TeamTNT sequestra servidores para tentar quebrar criptografia Bitcoin

21/09/2022 mindsecblog Notícias 1

TeamTNT sequestra servidores para tentar quebrar criptografia Bitcoin. Conhecido grupo hacker parece etsra de volta à ativa.

Os analistas de ameaças da AquaSec identificaram sinais de atividade do TeamTNT em seus honeypots desde o início de setembro, levando-os a acreditar que o notório grupo de hackers está de volta à ação.

O TeamTNT anunciou que estava saindo em novembro de 2021 e, de fato, a maioria das observações associadas desde então envolveu remanescentes de infecções passadas, como scripts automatizados, mas sem novas cargas úteis.

No entanto, os ataques recentes têm várias assinaturas vinculadas ao TeamTNT e dependem de ferramentas anteriormente implantadas pela gangue, indicando que o agente da ameaça provavelmente está voltando.

Segmentação de criptografia Bitcoin

Os pesquisadores observaram três tipos de ataque sendo usados nos supostos novos ataques do TeamTNT, sendo o mais interessante o uso do poder computacional de servidores sequestrados para executar solucionadores de criptografia Bitcoin.

Chamado de “ataque Kangaroo”, devido ao uso do solucionador Kangaroo WIF da Pollard, o ataque procura por Docker Daemons vulneráveis, implanta uma imagem AlpineOS, descarta um script (“k.sh”) e, eventualmente, busca o solucionador do GitHub.

O diagrama de ataque do canguru — **O diagrama de ataque canguru** *(AquaSec)*

O algoritmo do solucionador ECDLP (Elliptic Curve Discrete Logarithm Problem) de Pollard com intervalo de canguru é uma tentativa de quebrar a criptografia SECP256K1 usada na criptografia de chave pública do Bitcoin.

“Ele [o algoritmo] foi projetado para ser executado de forma distribuída, pois o algoritmo quebra a chave em pedaços e os distribui para vários nós (servidores atacados), coletando os resultados que são gravados localmente em um arquivo de texto”, explica AquaSec .

Embora a computação quântica deva quebrar a criptografia existente do Bitcoin em algum momento no futuro, é considerado impossível alcançá-lo com as máquinas atuais, mas o TeamTNT parece disposto a experimentar a teoria de qualquer maneira usando os recursos de outras pessoas.

Possivelmente, os agentes de ameaças estão apenas experimentando novos caminhos de ataque, implantação de carga útil e detecção de evasão enquanto realizam operações intensivas em sistemas capturados, com o ataque Kangaroo marcando todas as caixas.

Outros tipos de ataque

Os outros ataques observados pelo AquaSec são semelhantes às operações anteriores do TeamTNT, mas agora apresentam algumas características novas.

O “Cronb Attack” usa rootkits documentados, cron jobs para persistência, cryptominers para lucro e ferramentas para movimentação lateral.
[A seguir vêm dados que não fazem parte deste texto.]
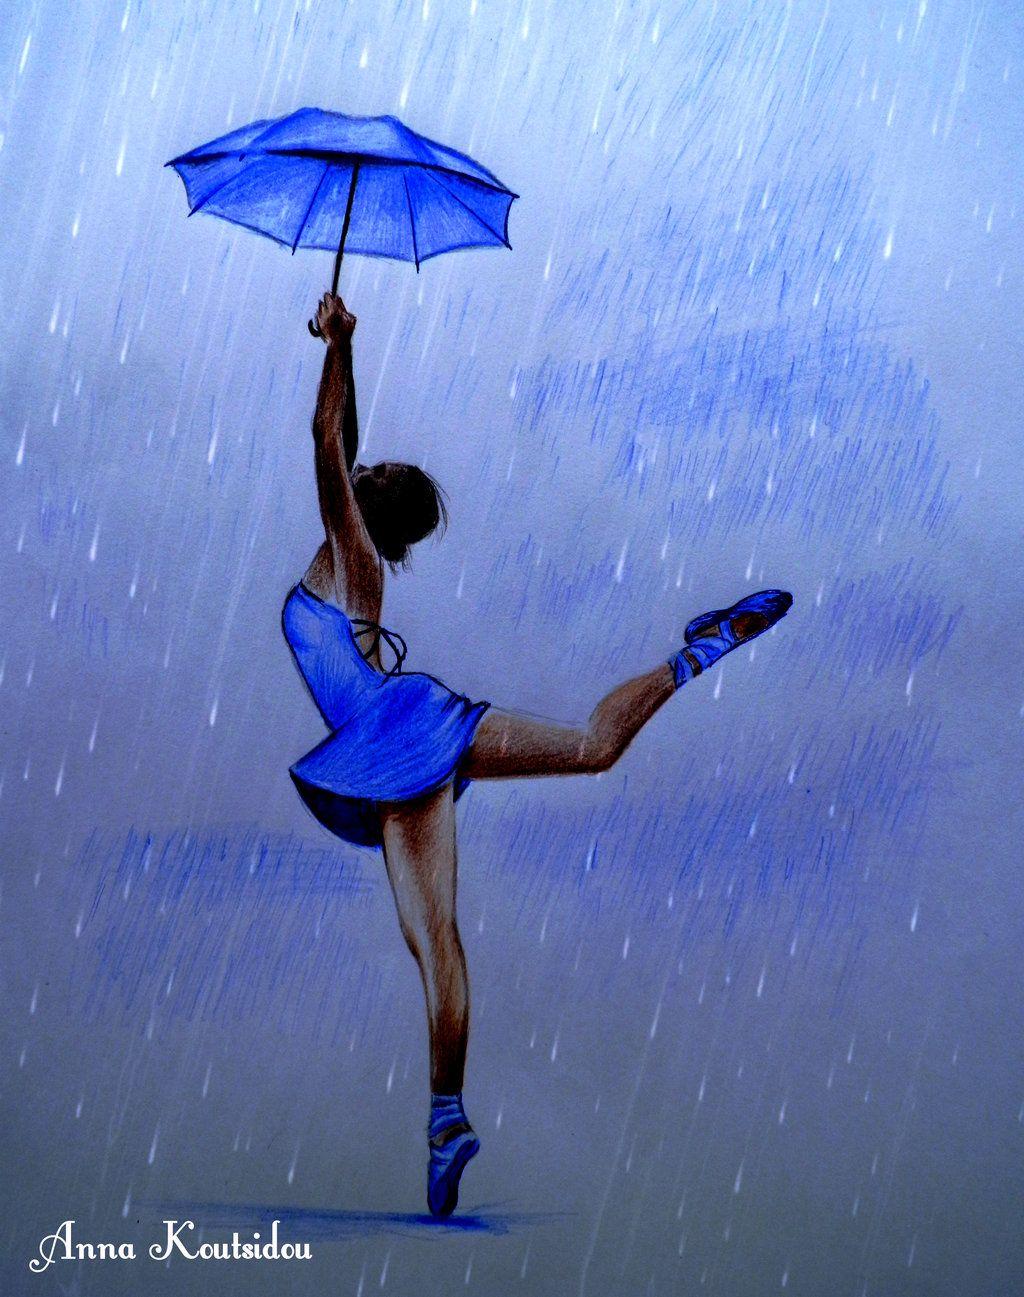 Gallery For > Dancing In The Rain Clip Art | POSTING ...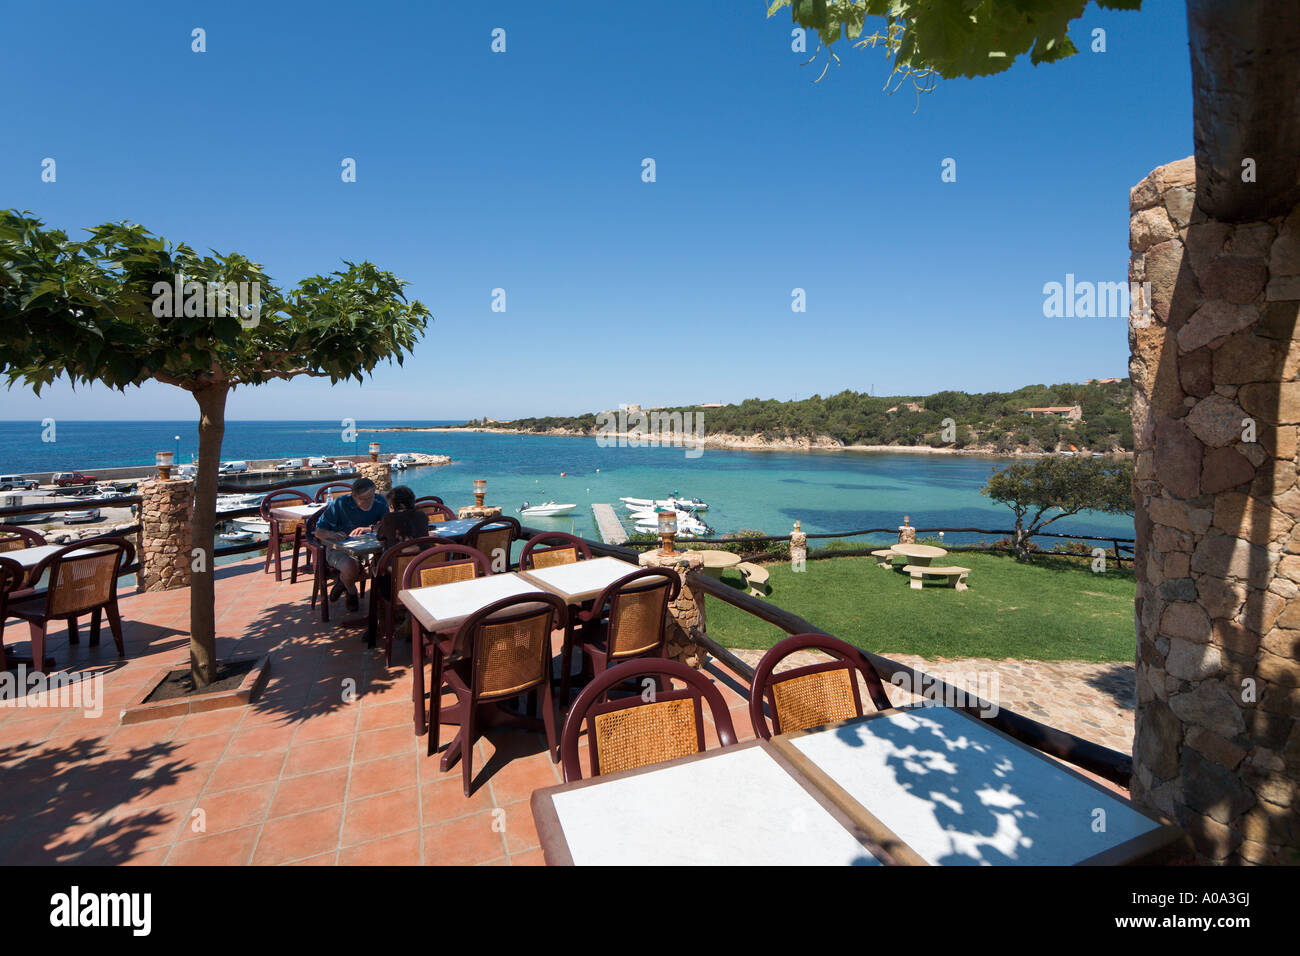 Terrace of a seafront restaurant in the resort centre, Tizzano, near Sartene, Corsica, France Stock Photo

O novo elemento é o aparecimento de novos endereços de infraestrutura C2 e troca de dados mais elaborada.

O ataque “What Will Be” tem como alvo o Docker Daemons com arquivos shell descartando imagens Alpine novamente, explorando uma vulnerabilidade para escapar do contêiner para o host.

Em seguida, os invasores baixam e executam scripts adicionais, rootkits e um cryptominer, enquanto também adicionam cronjobs e realizam varreduras SSH na rede.

O diagrama de ataque What Will Be — **O diagrama de ataque “O que será”** *(AquaSec)*

Um novo truque nesse ataque é introduzido por meio desses scripts, permitindo que os agentes de ameaças otimizem o desempenho da criptomineração modificando os registros específicos do modelo de CPU para a arquitetura.

Otimizando CPU para criptomineração — **Otimizando a CPU para mineração de criptografia** *(AquaSec)*

Seja o TeamTNT conduzindo esses ataques ou outra pessoa, as organizações devem aumentar sua segurança na nuvem, fortalecer a configuração do Docker e aplicar todas as atualizações de segurança disponíveis antes que seja tarde demais.